Diversity devoid of action is words in the wind, wafting over water. A senior manager in a large business tells me that she values inclusion more than diversity because diversity opens the door whilst inclusion lets people belong.

Inclusion is the action arm of diversity and brings diversity to life. When each person has their perspective valued, validated, and integrated then there is inclusion. This does not mean valuing racism for racism is exclusive, not inclusive.

There is then a caveat to inclusion. The limitation is this: if it subverts or hurts others, places some above others, devalues or excludes, reduces the opportunities of many for the benefit of a few it is not inclusion. Of course, there is an exception to this limitation: positive discrimination.

To this half-caste I never knew which part of me was not included for all of me was black as “Blackie” and all of me was an Indian kid as “Boondy.”

Brown is beautiful—and so is honesty

I recall as a 13-year-old in our Health Sciences class doing an activity where we could, “ask any question we liked.” Writing with my left hand lest I be discovered, I wrote the following question:

“Why do people hate brown skin but like to get a suntan?”

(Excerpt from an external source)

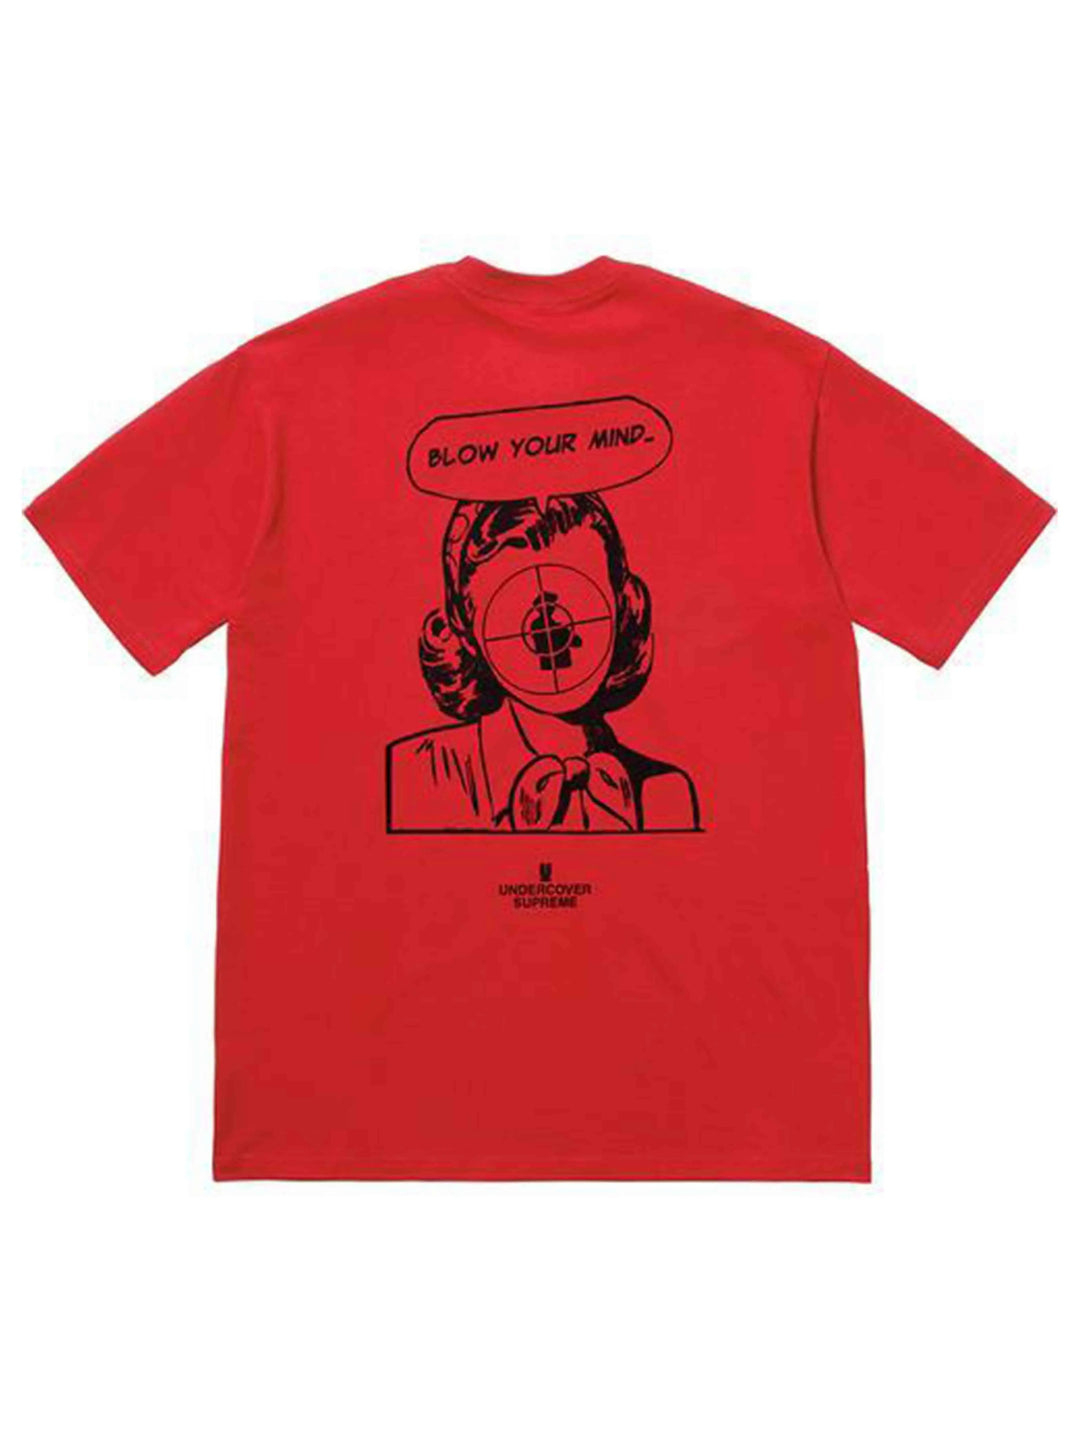 Supreme X UNDERCOVER/Public Enemy Tee Red [SS18] Prior

The answer we got was, “Brown is beautiful!” This avoidance of the issue only amplified inner restlessness.

Discrimination was not positive, and the club was exclusion, not exclusive.

Resilience—the missing third arm

Hurt, anger, fear, isolation, and anxiety can blend and be moulded to become resolve.

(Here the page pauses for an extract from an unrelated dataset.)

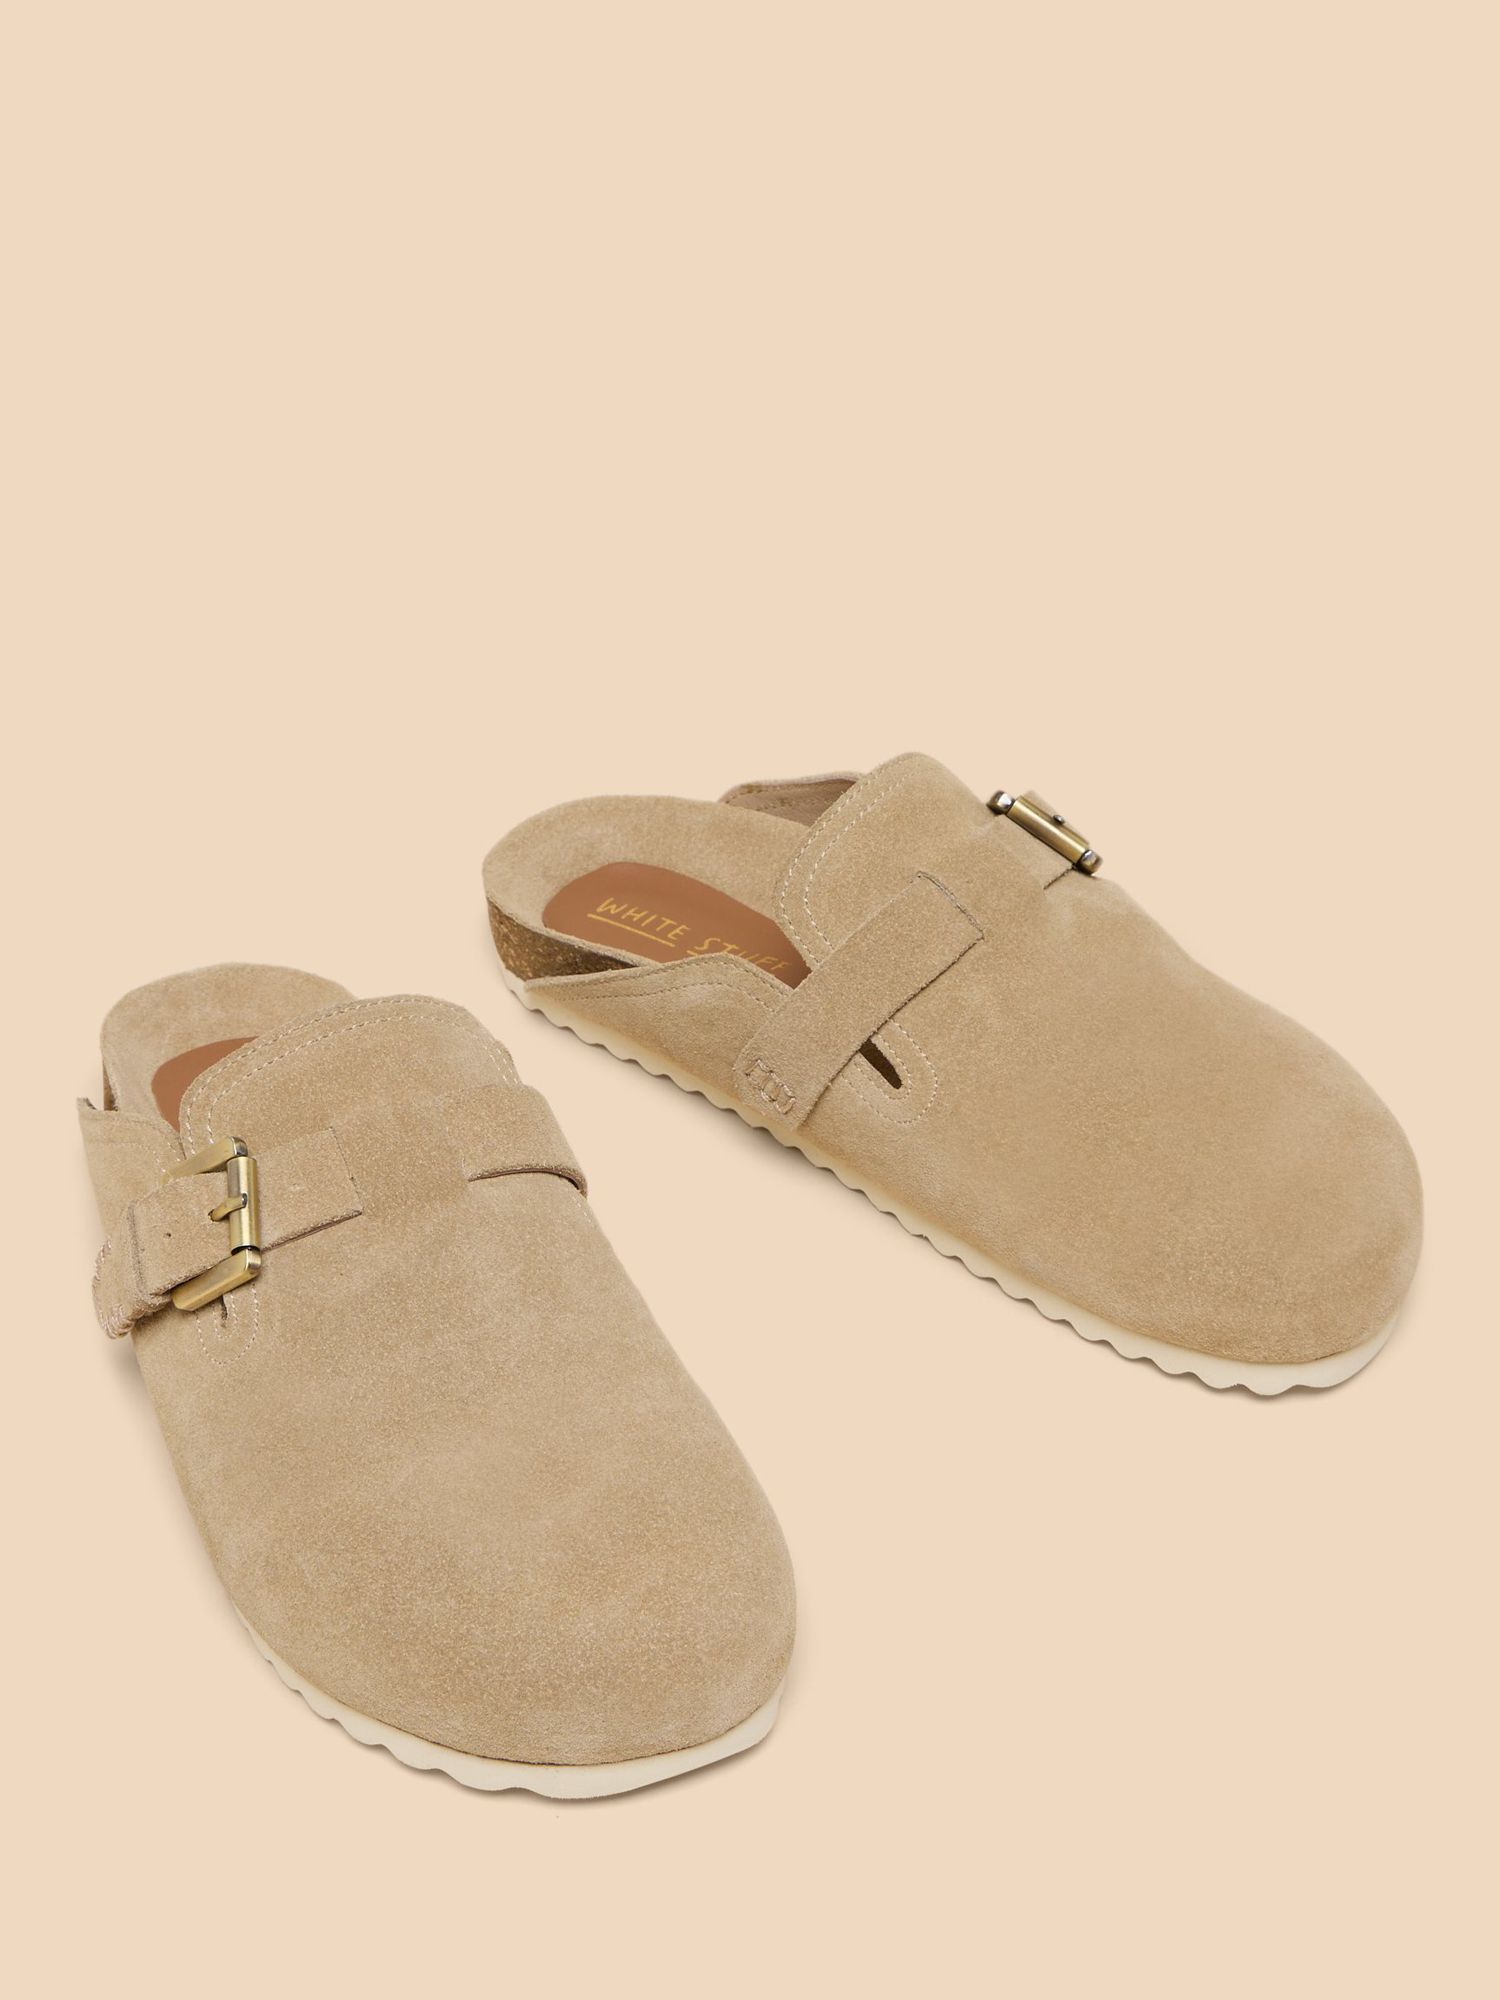 White Stuff Suede Slip On Mules, Natural, 3

In schools, in institutions, in communities all people deserve to be included and have their uniqueness celebrated. However, there will always be bullies, there will be those who marginalise, those who are less safe to be around, those who judge, those who exclude, directly or indirectly.

Inclusion and diversity are not enough without an investment in resilience. Investment in resilience means helping people understand and become strong. Investment in resilience is not victim blaming or victim shaming. Investment in resilience means recognising that in the real world there are people who are racist, unkind, exclusive and seek to feel empowered through robbing others of their self-worth and dignity. Bullies lurk behind a veneer of judgement and opposition. Resilience gives people tools to cope when the inevitable will occur.

Just as the slogan “you cannot be what cannot see” can actually disempower, so too does assuming the world must be perfect to avoid vulnerability. It behoves all of us to build our capacity and to be strong, whilst making an example of diversity and inclusion in the way we embrace our communities.

For if I seek a world that needs German-Indian, Scots-born Australian politicians, actors, sportspeople, judges, writers, and community leaders then I rob myself of agency. I do not need to see myself in others to find myself.

The best response of a half is being a minority of one.